Of the lines in the material below, print only those from the one containing "Lego Ninjago Wallpaper, image" to the one containing "Watch South Africa", ends included, exactly as written and without pictures.

# [Extracted records]

Content starts

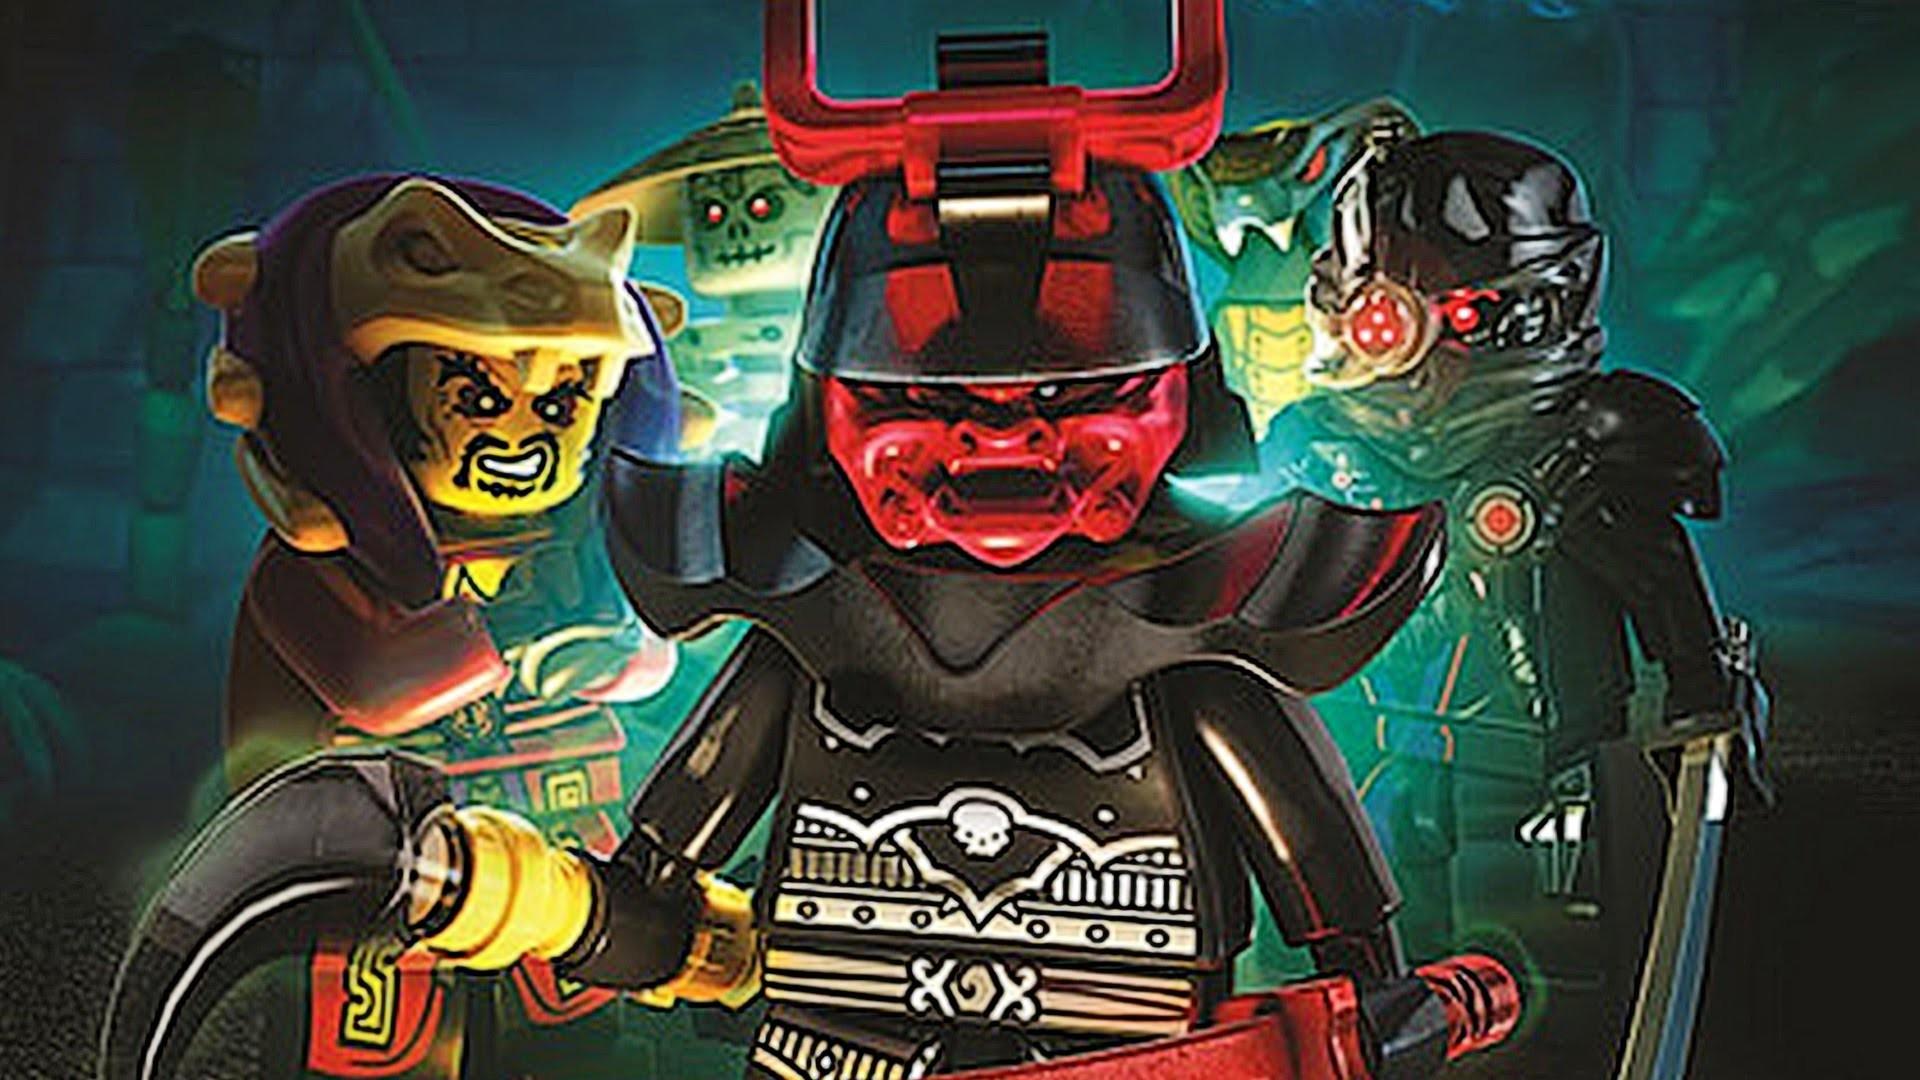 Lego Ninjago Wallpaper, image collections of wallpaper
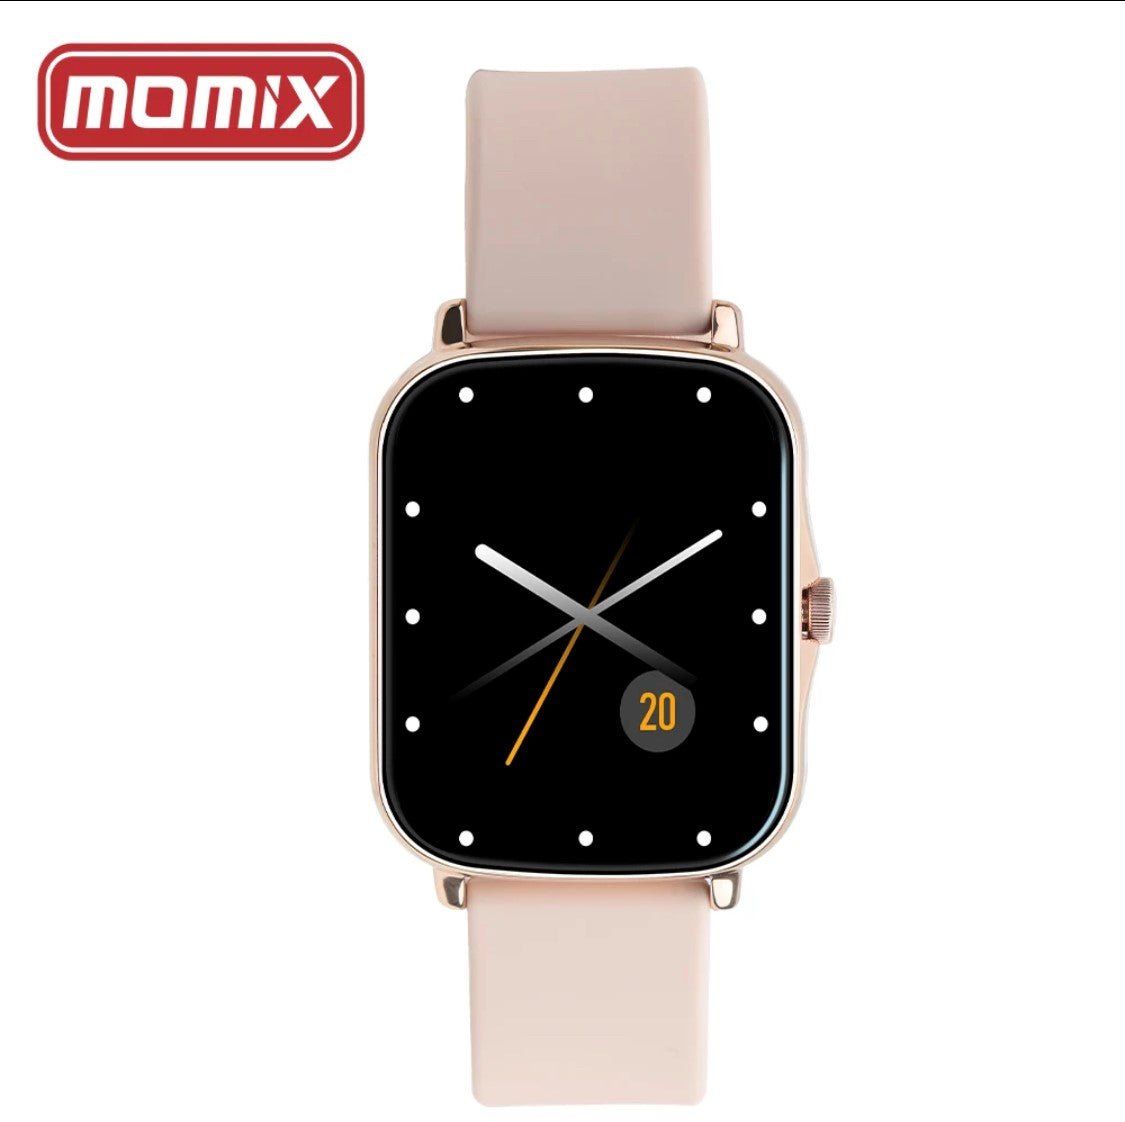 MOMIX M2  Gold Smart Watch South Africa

Content ends
Content starts

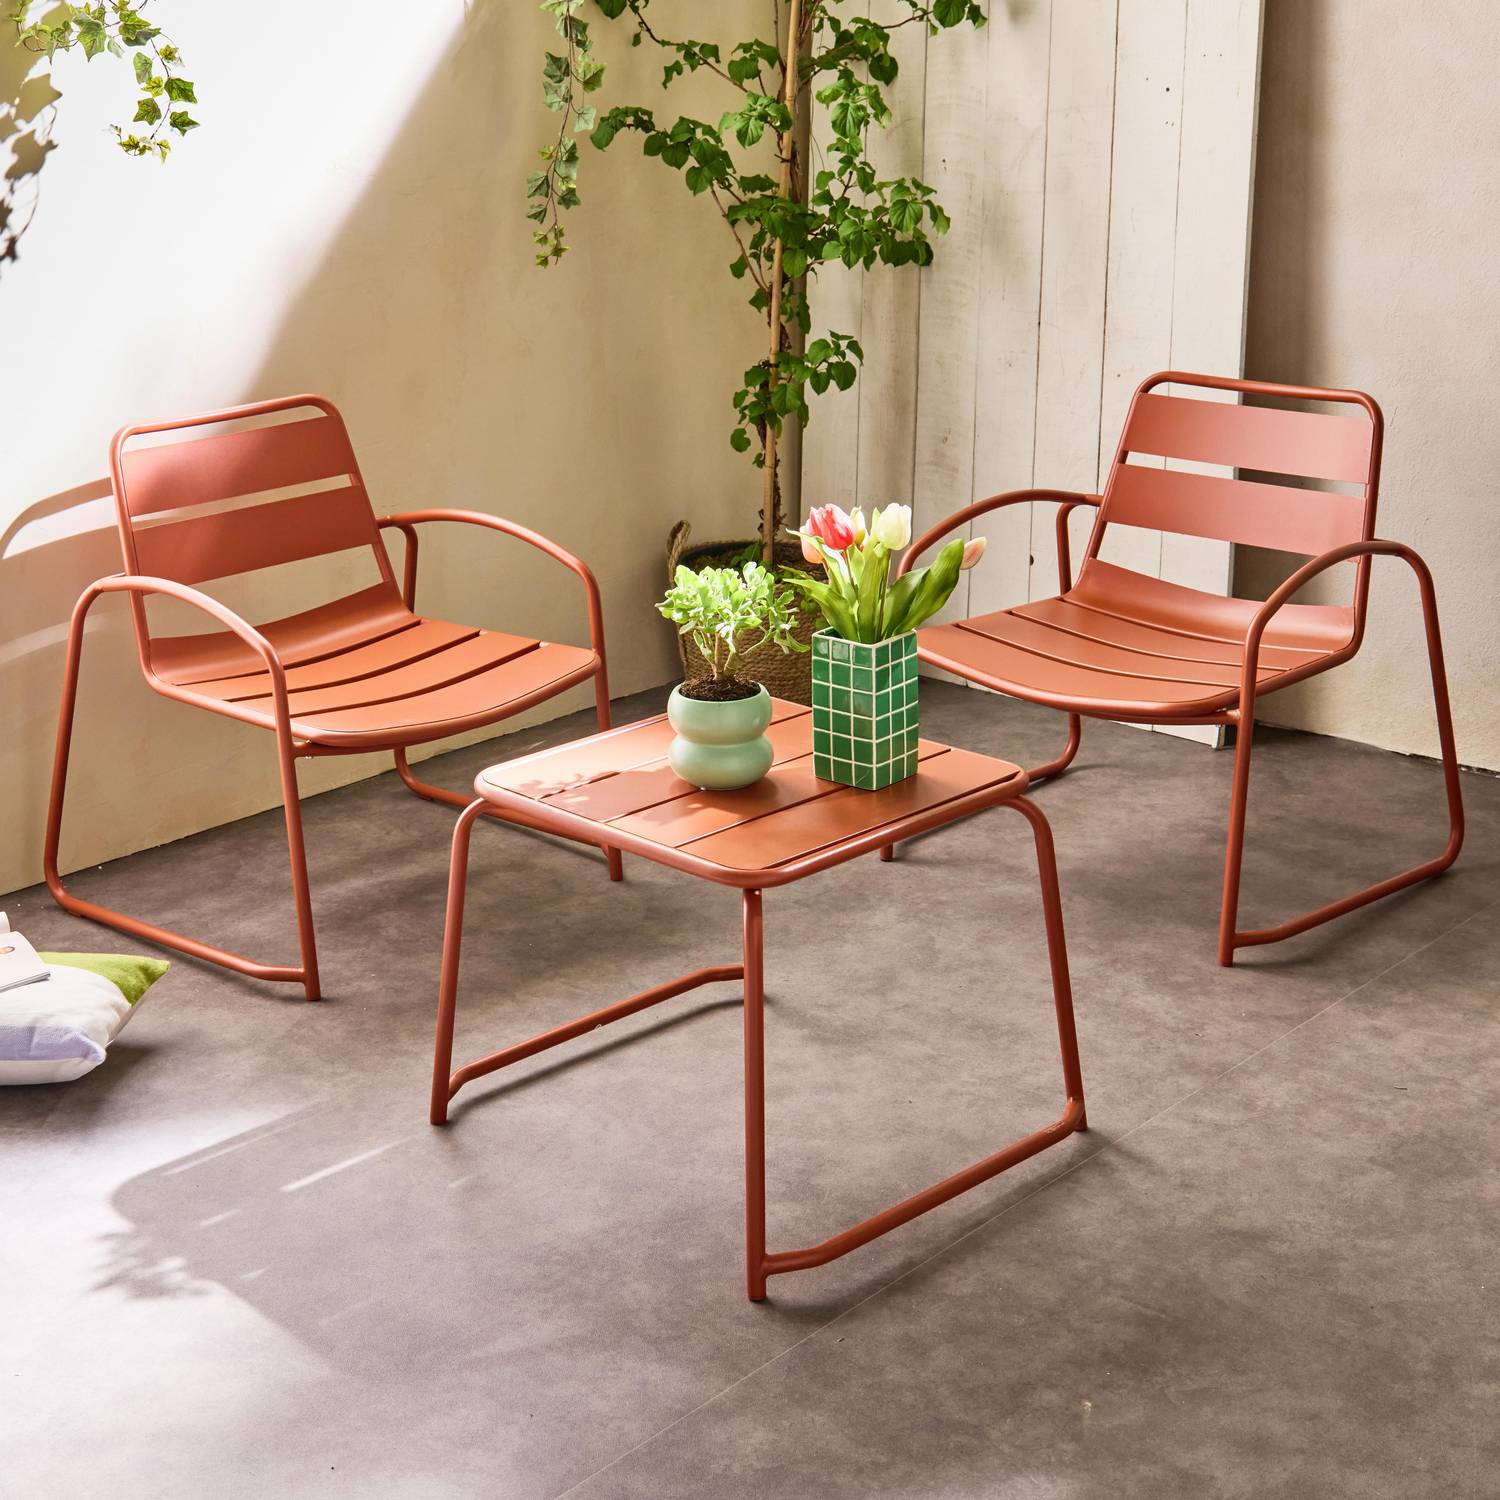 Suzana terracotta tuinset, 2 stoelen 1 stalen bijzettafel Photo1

Content ends

# [Solved problem]
 Lego Ninjago Wallpaper, image collections of wallpaper
 MOMIX M2  Gold Smart Watch South Africa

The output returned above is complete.